There’s nothing you use more in your car than the driver’s seat, and its level of comfort can be all the difference between an enjoyable drive and a miserable one, regardless of the car’s other performance or luxury features.
While you don’t always get the opportunity to sit in a car for long periods before buying, there are some things you should consider before signing on the dotted line when it comes to seat comfort.
Cloth: Cloth seats have come a long way from fake velvet and woven knits of decades gone by, and many cars feature seats made from durable and porous nylon, which looks good and keeps cool. Some cheaper cars use PVC fabric, which isn’t as comfortable. Cloth seats are usually well cushioned and comfortable for people of average build.
Vinyl: Once associated with burnt thighs, fading, brittleness and carsick-inducing fumes, vinyl is now an increasingly premium option and referred to as imitation leather, faux leather or even vegan leather. Vinyl seats look good, come in a wide range of colours and are easy to clean. They are usually a more costly option than cloth seats, however they’re not necessarily more comfortable as they tend to be firmer so you can feel like you’re sitting on them rather than in them.
Alcantara: This synthetic suede-like material is prolific in sports cars for seats, steering wheels and trim, and is often used in conjunction with leather. Alcantara is durable, feels good to touch and provides good grip to stop you sliding around the seat in tight corners.
Leather: Real leather seats look and feel luxurious. Their quality and cost depends on the type of leather and the tanning and finishing processes used. Some leather seats have synthetic coatings to enhance colour, feel and durability. While these are usually more affordable they aren’t to be confused with imitation leather, though they can feel just as firm. The cost of leather seats is often amplified by the fact they’re most likely to come with powered settings.
Regardless of what seats are made from, their ultimate comfort relies on how well they support your body. The back rest is the most important component. You want side bolstering to prevent lateral movement, but you don’t want it so narrow that it digs into your hips and lower back. You also want good support for your lower back (lumbar support) and the lower seat cushion to be deep enough that it supports most of your thighs.
Your basic car driver’s seat has height, forward/back, headrest height, and backrest pitch adjustments, which are all you really need if the seat is well constructed and suits your body shape.
But it’s very difficult to make a one-size-fits-all seat, so extra settings may be necessary, such as adjustable lumbar support, which is great for long drives. Bigger people might also appreciate the ability to adjust side bolstering, under-thigh support and headrest height.
Seats with all of these functions usually use electric switches for all or some of the functions as they’re less bulky and offer more precision, but they do drive up the cost.
Even if you get your seat to feel Goldilocks right, there are even more ways to add to your comfort levels, such as heated seats. This may seem like an unnecessary feature if you have never tried it, though it really does feel relaxing to jump into a car on a cold day and feel that warmth, which can also help soothe a sore back.
Ventilated seats are also becoming more common and are great for Aussie summers. As well as the comfort they offer on a hot day, they help prevent sweating and getting your shirt wet, which is very handy if you’re a sales rep.

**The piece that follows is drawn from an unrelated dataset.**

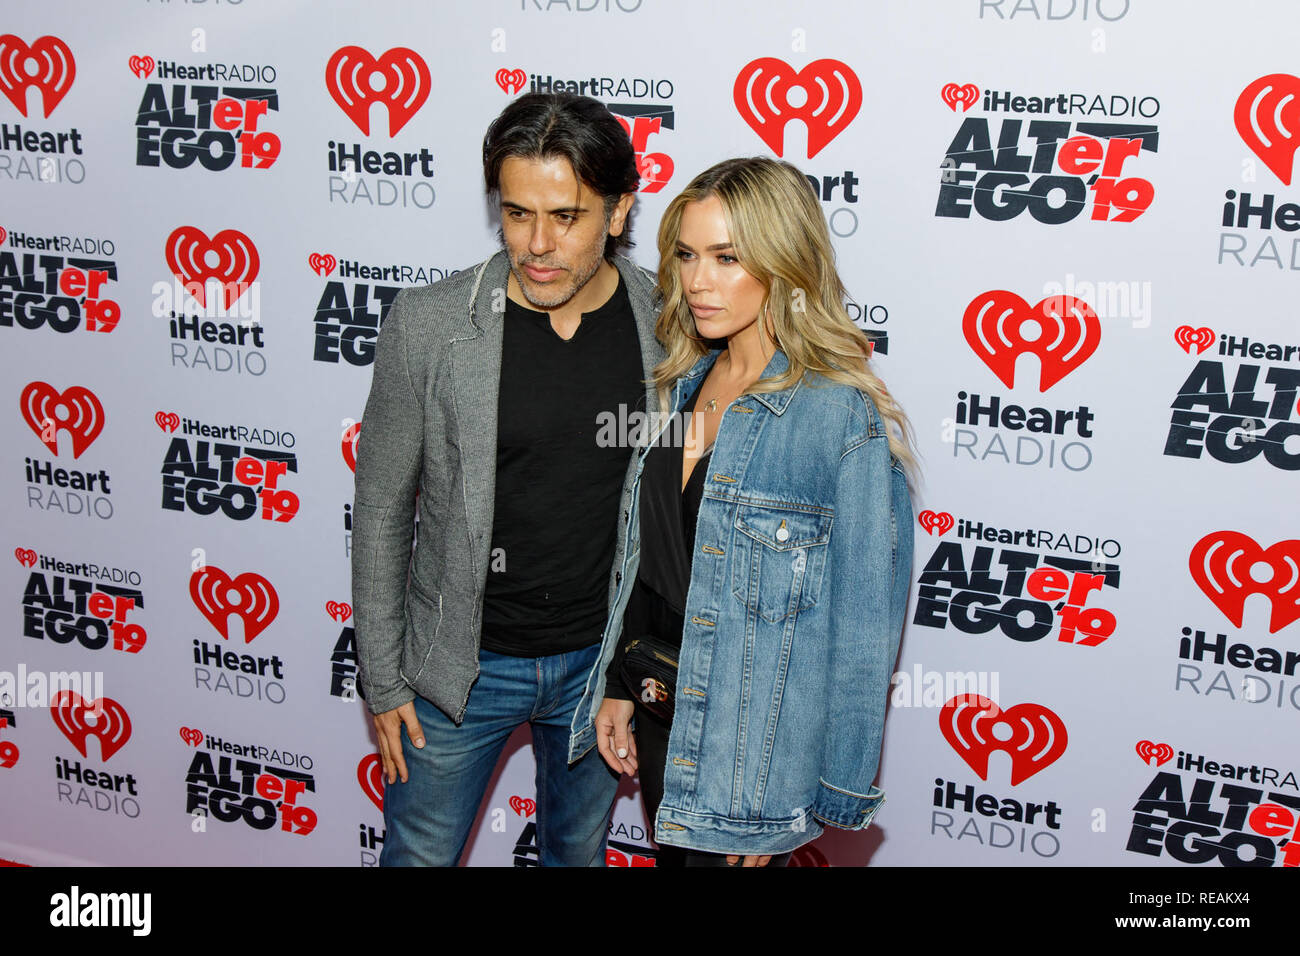 San Diego, California, USA. 19th Jan, 2019. Edwin Arroyave and Teddi Jo Mellencamp arrive on the Red Carpet at iheartradio ALTerEGO '19 at The Forum in Inglewood, California on January 19, 2019 Credit: Marissa Carter/ZUMA Wire/Alamy Live News Stock Photo

Massage seats are a totally gratuitous feature, though a back rub while you drive could be a godsend if you have back problems and/or drive long distances.
Do you want to drive your new convertible with the roof down at every opportunity even in winter? An ‘air scarf’ located below the headrest blows hot air on your neck. Like the above features, it seems rather superfluous until you try it.
Seat position memory settings makes it easy return the driving position to your preferred spot after someone else has driven your car. Two memory positions are common, though more premium cars have three or four settings. As well as adjusting the seat, some cars with this function also adjust the door mirrors and steering wheel.
Weighing up the costs
Upgrading from cloth seats with four manual adjustments to full leather, with 10-power settings and other creature comforts, will add thousands to the cost of your car. There’s a lot in between, but it’s not always a simple matter of being able to add one or two things. For example, if you want lumbar support or heated seats you’ll generally need to upgrade to vinyl or leather, which are more likely to have power settings, which further add to the cost. Or it could mean having to choose a higher spec model of the car you’re buying.
See what options are available and how they’ll benefit you. You won’t regret spending a little more if it means making your new car a more pleasant and comfortable place to be.